At Calico Rock, the wonder was of a very different sort. When I was young, there was still a current-powered ferry across the river, and on the town side was sold the best ice cream in the world: Yarnell's. The water then was so clear that it seemed only inches deep. Every rock and sand grain was clearly visible from the ferry. This was a mountain river. There were still few areas of the Ozarks with electricity or paved roads. My family kept a 1947 Ford to make trips to the Ozarks, because it had more ground clearance than the cars of the 1950's. All of this would change after the construction of the Corps of Engineers Dams for flood control and power generation, like this one at Bull Shoals.
At Batesville, the mountain river became a lowland river. leaving the Ozarks for the Delta lands through which its water will flow all the way to the Gulf of Mexico. But it is not a gentle change. At Batesville there is a dam and lock, and the water, especially if the big dams upstream have their gates open, roars over the concrete wall, past the lock that was built for steamboats and finished just as the railroad also was finished. The dam and the two more above it were never used, but never removed. Built as aids to navigation, they remain as hindrances to navigation. Batesville also held the wonder of a white sand beach. My friends and I were often very sunburned by the weekends at this shore. It was really a sort of miserable place: the sand was burning hot and the water, coming from the 300-ft depths of the high dams upstream, was freezing cold. But we all felt like Tuesday Weld and James Darrin when we were there.

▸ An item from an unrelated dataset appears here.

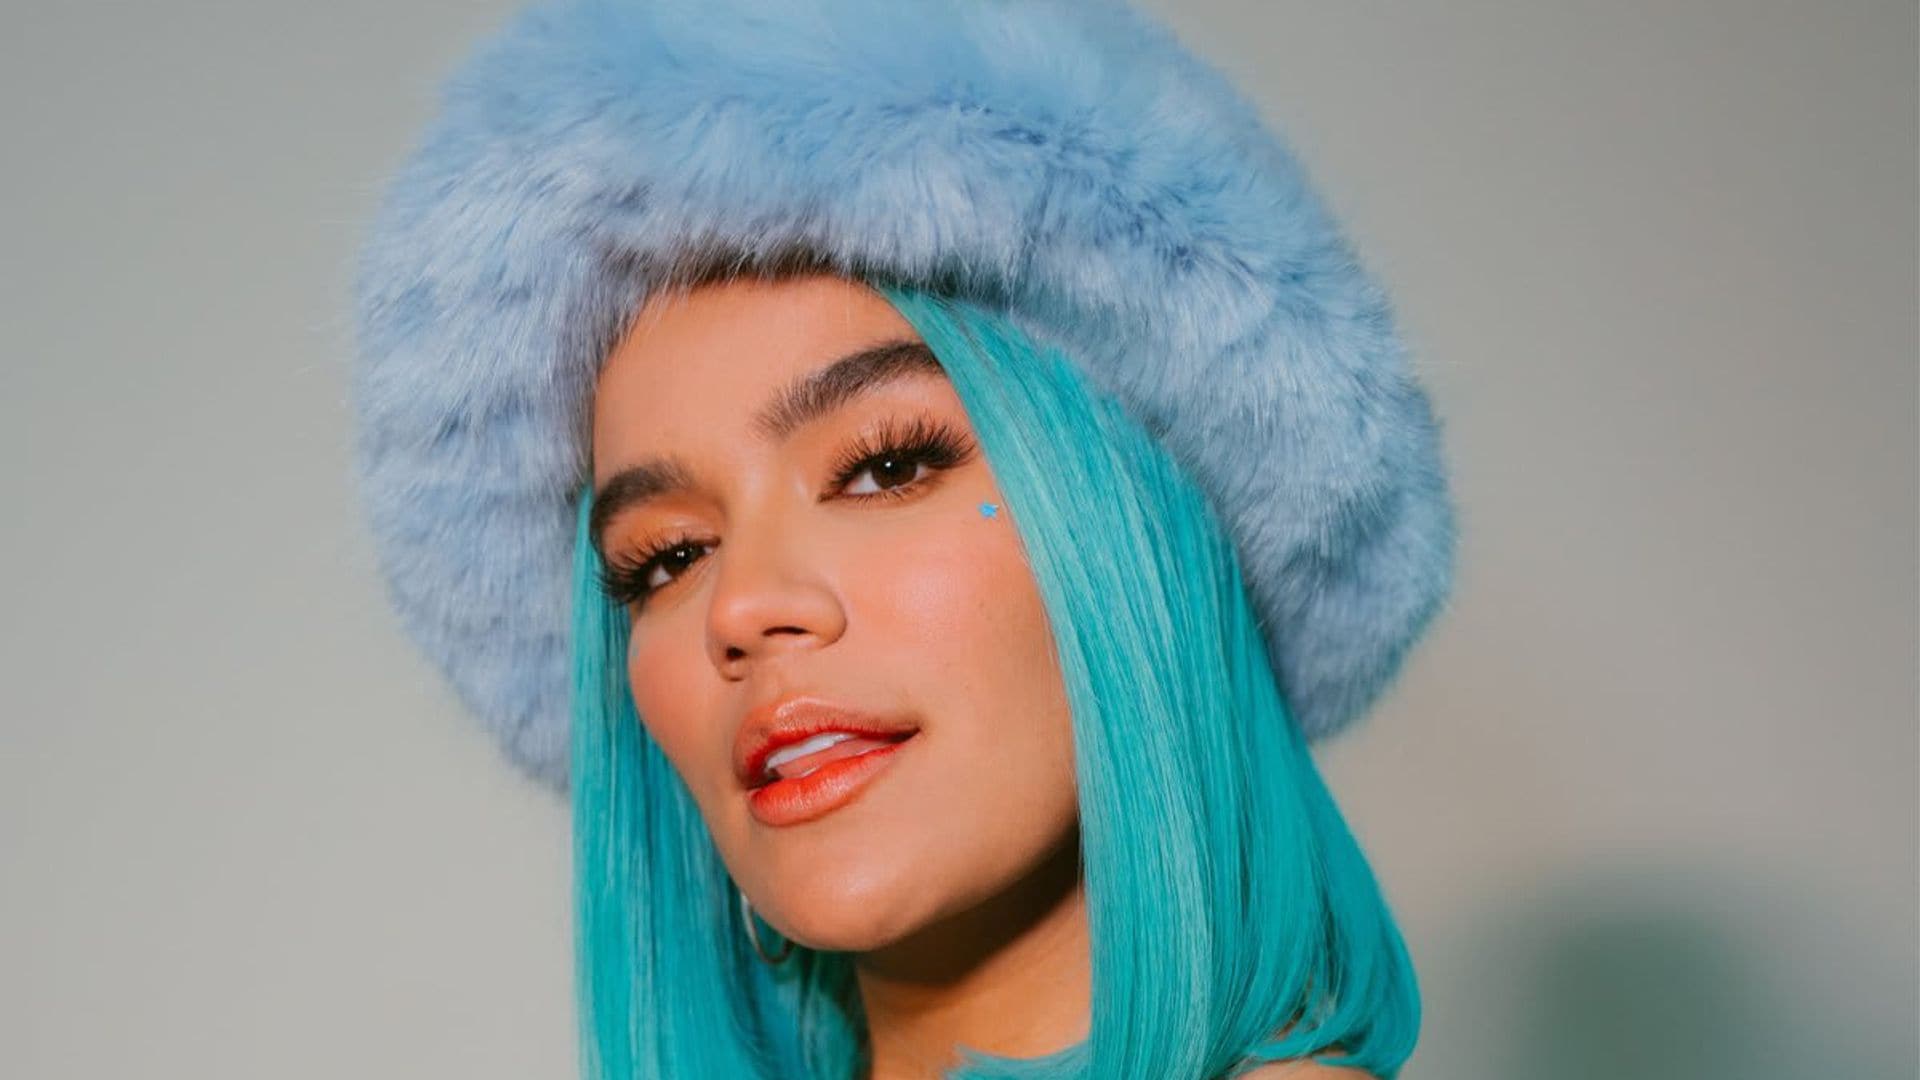 KAROL G TRANSCENDS TO NEW LEVELS OF INNOVATION WITH THE RELEASE OF HER LONG-AWAITED ALBUM "KG0516"

As a middle-aged adult, the river opened more wonders to me. I explored its entire length by kayak, or on foot, starting in the Boston mountains where it's just a road ditch beside Arkansas Highway 16, and ending on the white sands again where the White and the Arkansas Rivers join the Mississippi at Big Island.

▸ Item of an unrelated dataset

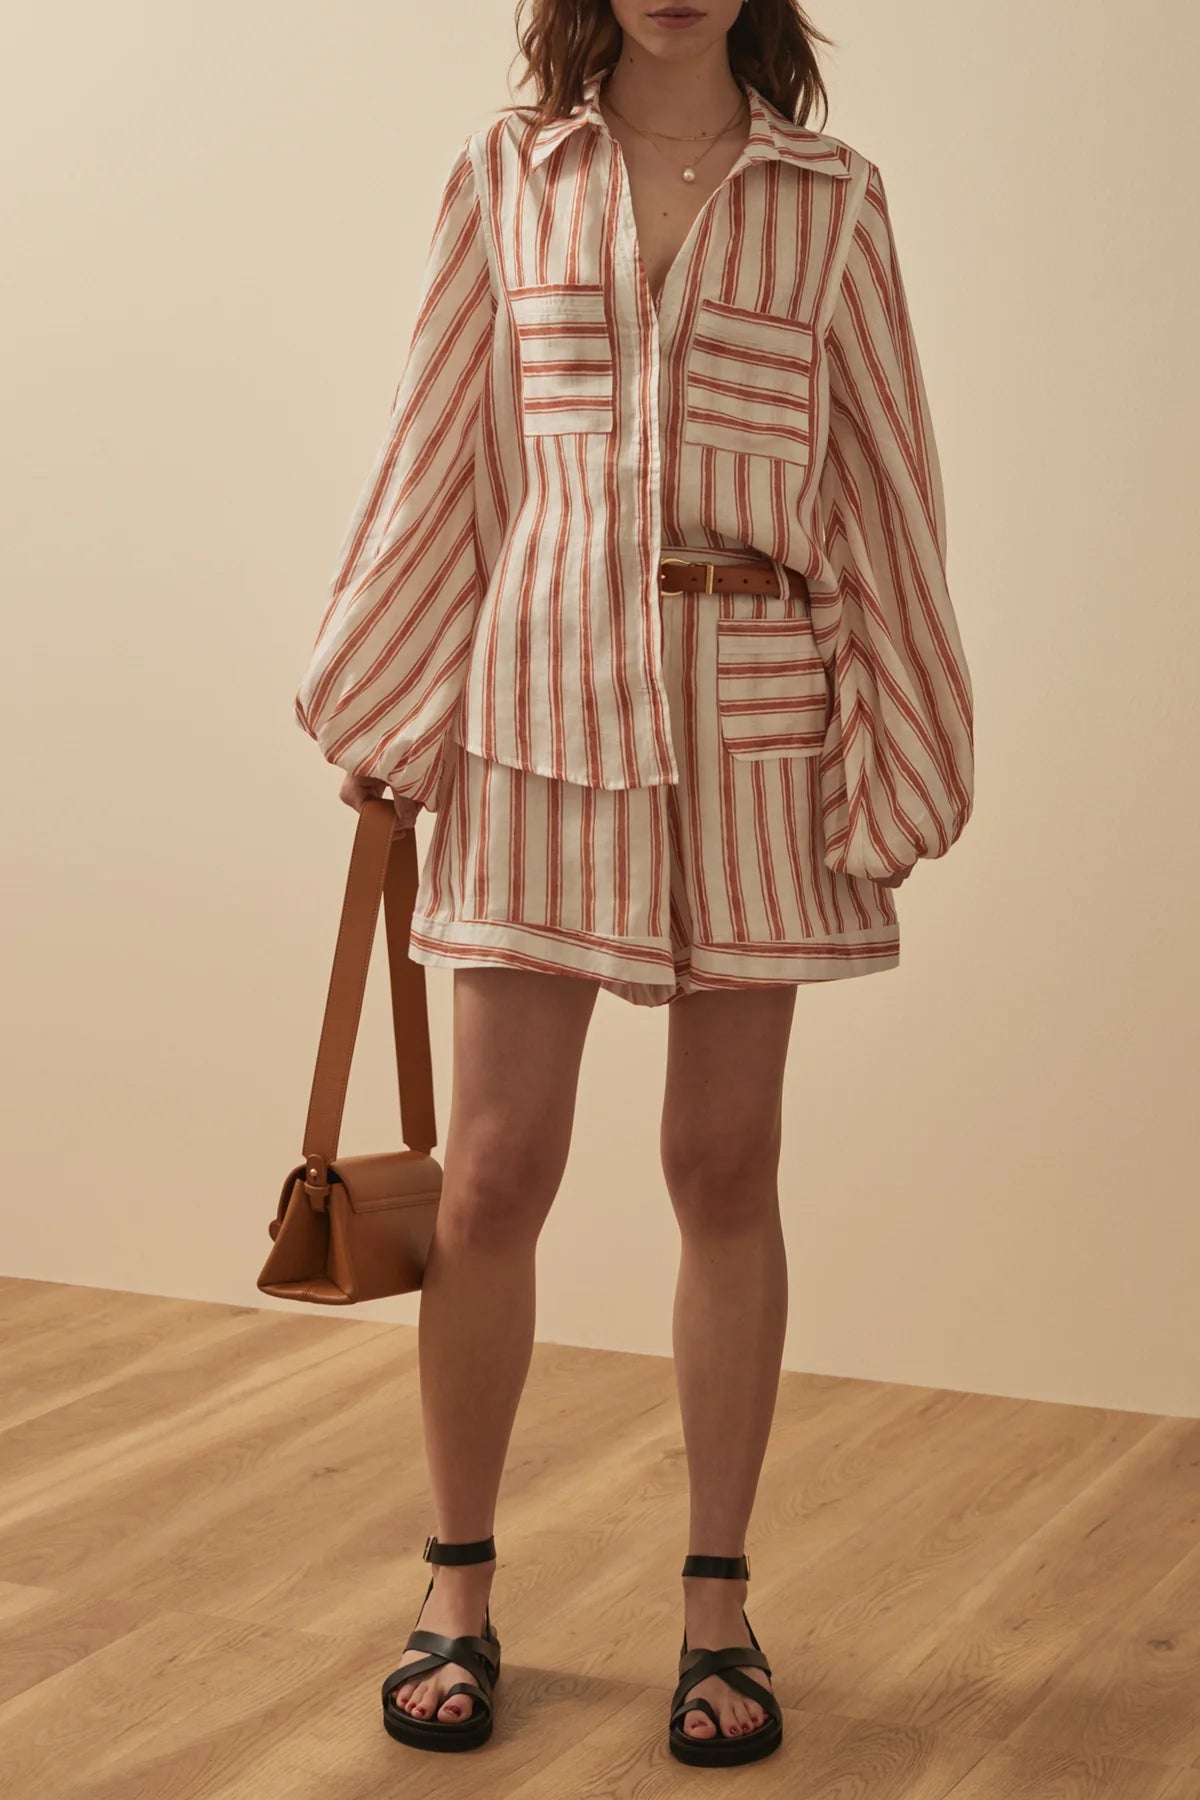  Brown and white striped linen shirt with balloon sleeves

Now where the rivers meet is one of the most amazing dams of those on the White River. The picture at the top of the page is of one of the abandoned dams along the river, this one an old power generation dam at Fayetteville. Like so any of the dams on the White, it has been left in place long after its original 'purpose' has become obsolete. The Montgomery Point Lock and Dam, in the next picture, has had a rather different history.
Again and again the floods of the Arkansas or the White or the Mississippi have torn away the efforts to control this important river junction. The White River actually carries more water more reliably here than the Arkansas, so there is a canal for traffic to move from the Arkansas to the Mississippi. Low water on the Mississippi means sometimes there needs to be a lock so boats can make a transition in controlled circumstances. Sometimes the water is so high in all the rivers that the weir needs to allow boats to pass over with with a 12 foot clearance. Montgomery Point is a wonder of a different sort, an engineering wonder which is not yet fully tested.

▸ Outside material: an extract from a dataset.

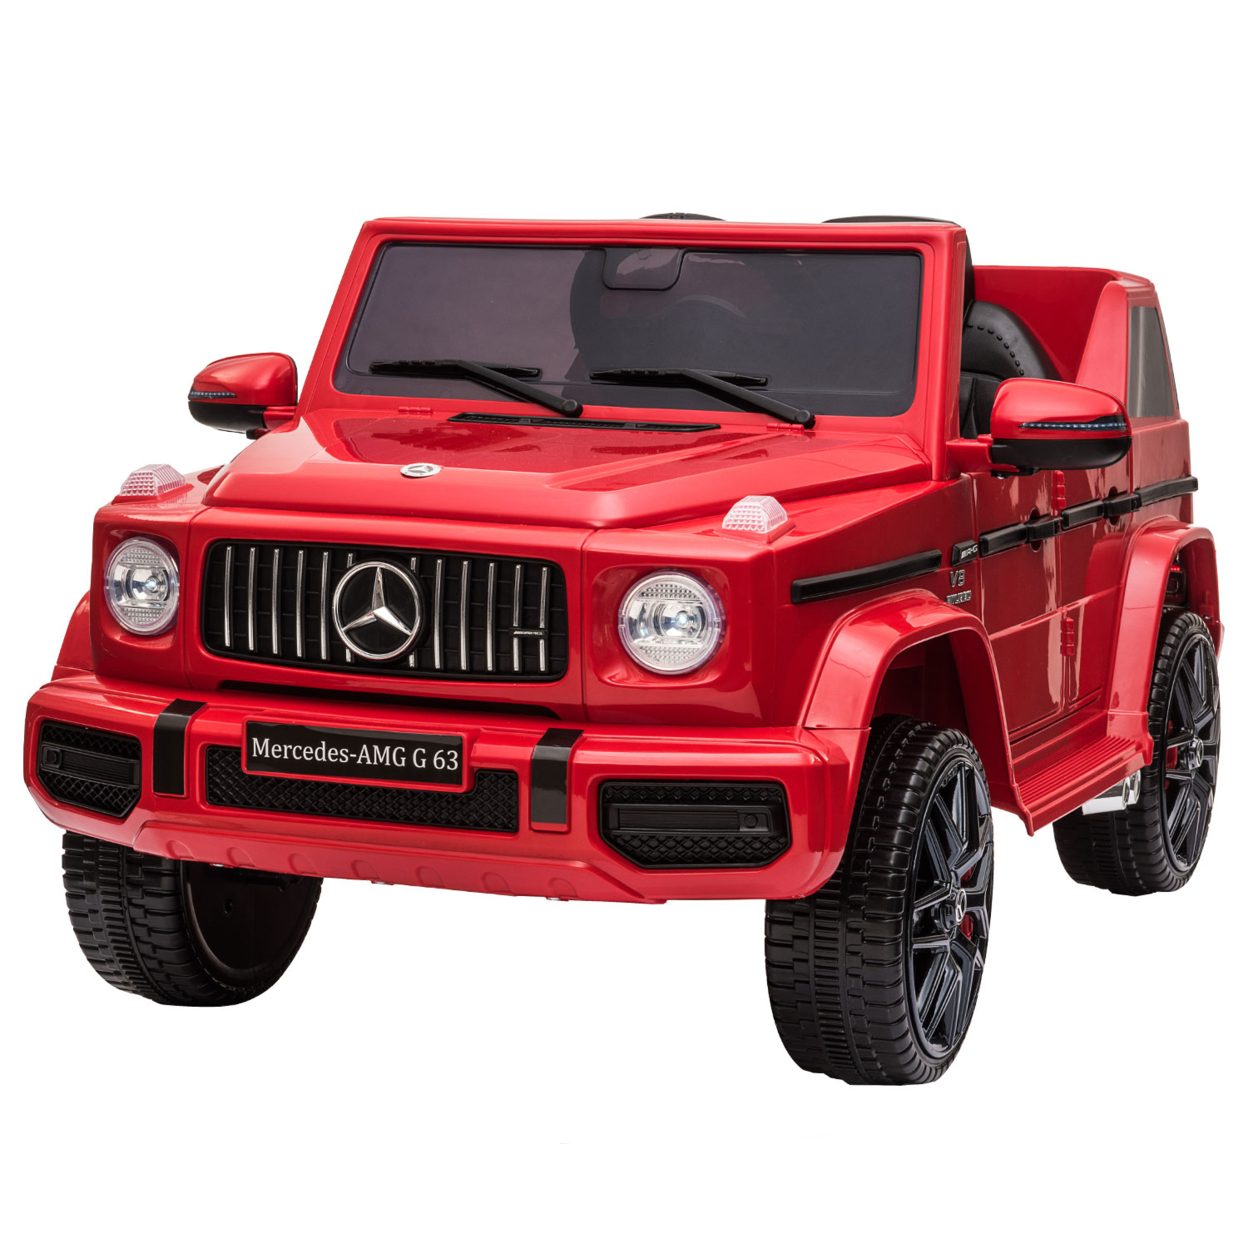 12V kids Ride On Jeep with Remote Control, Electric Car for Kids 3-6 Years, 3 Speeds, Music Story Playing, LED Lights, MP3 Player,Red

It seems to me that much of my life has been a series of interactions like those of men with the White River. I work on projects and build theories that are obsolete by the time I've finished them, but which I hang to even though they are now just in my way. The biggest problems tend to overwhelm my solutions, and those ideas I value now may not be adequate to allow me to manoeuvre through the turmoils of today, let alone those ahead. There was a time in my life when I scorned all the 'improvements' men had made to the White River, and I tended to scorn much of modernity, thinking that, like the clear water at Calico Rock my five-year-old self saw, the past had been easier to understand. When one's own life is in turmoil, it may be hard to recognize the structures that, like the levees and locks on the White River, prevent even more destruction. On may wish to deny that one's mistakes ever happened,to deny that one spent years building a structure that never served its intended purpose.
I suspect it's easier for the river. It seems to have no purpose except to move to the sea, at as close a speed of 10 meters per second per second as the terrain will allow. But even the river is slowed by the stuff it picks up along the way.